手性识别是生物体内最基本的分子识别模式，深入研究手性识别过程及规律，对不同镜像异构体的手性效应与功能发现具有重要意义。阿片类药物作为一类可穿透血脑屏障的小分子，具有典型的手性识别作用，天然阿片类药物为(-)-构型，可选择性识别人体内的GPCR受体。而人工合成的(+)-构型的阿片类化合物无法激活GPCR受体。TLR4是目前为止研究最为广泛，也是TLR家族最重要的蛋白之一。TLR4信号通路的激活与抑制必须受到严格的调控，以保持免疫系统的稳定。本项目拟在前期二价阿片类化合物可以手性识别TLR4的研究基础上，设计并合成不同刚性、柔性和光调控linker的多价阿片类化合物，构建手性分子库。系统研究多价阿片类手性分子结构与TLR4的手性效应与功能，明确对映体的生物活性差别。深入发掘立体选择性机制，发展新的手性TLR4的抑制剂。为神经疼痛和成瘾戒断等中枢神经相关疾病的手性药物设计奠定基础。

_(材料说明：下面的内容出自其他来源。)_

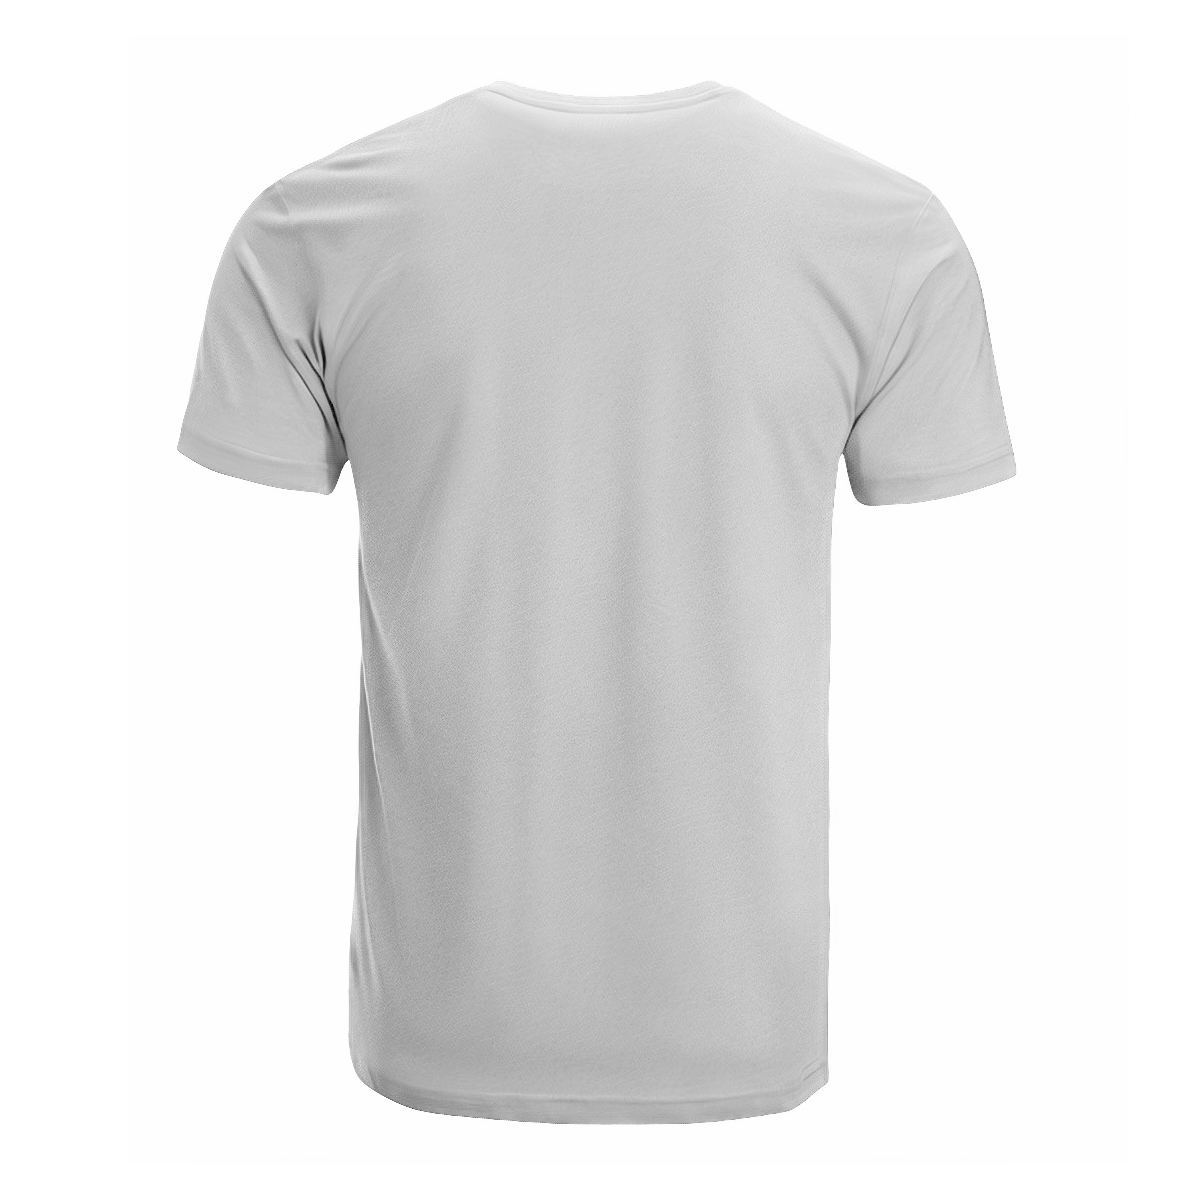 Agnew Tartan Crest T-shirt - I'm not yelling style

Chiral recognition is the most basic molecular recognition mode in living organisms. In-depth study of chiral recognition process and regularity is of great significance for the discovery of chiral effect and function of different enantiomer. Opioids, as a class of small molecules that can penetrate the blood-brain barrier, have typical property of chiral recognition. The natural opioids, which can selectively recognize endogenous classical G Protein-Coupled Receptors and lead to analgesia, addiction, etc., are (-)-configuration. However, the synthesized (+)-configuration opioids do not active the GPCR receptors. Toll-like receptor (TLR) 4 is the best studied by far and one of the most important proteins in the TLR family. Activation and inhibition of the TLR4 signaling pathway must be accurately regulated to maintain the stability of immune system. In this project, a multivalent opioid chiral molecular library will be constructed by connecting opioid molecular scaffold with rigid, flexible and light-regulated linkers, based on the previous study of bivalent opioid compounds. The chiral effects and functions of multivalent opioid chiral compounds targeting TLR4 will be studied systematically and the bioactivity difference of enantiomers will be clarified. This project will provide new ideas for drug design with high specificity and chirality to treat neurological diseases such as neuropathic pain and addiction withdrawal.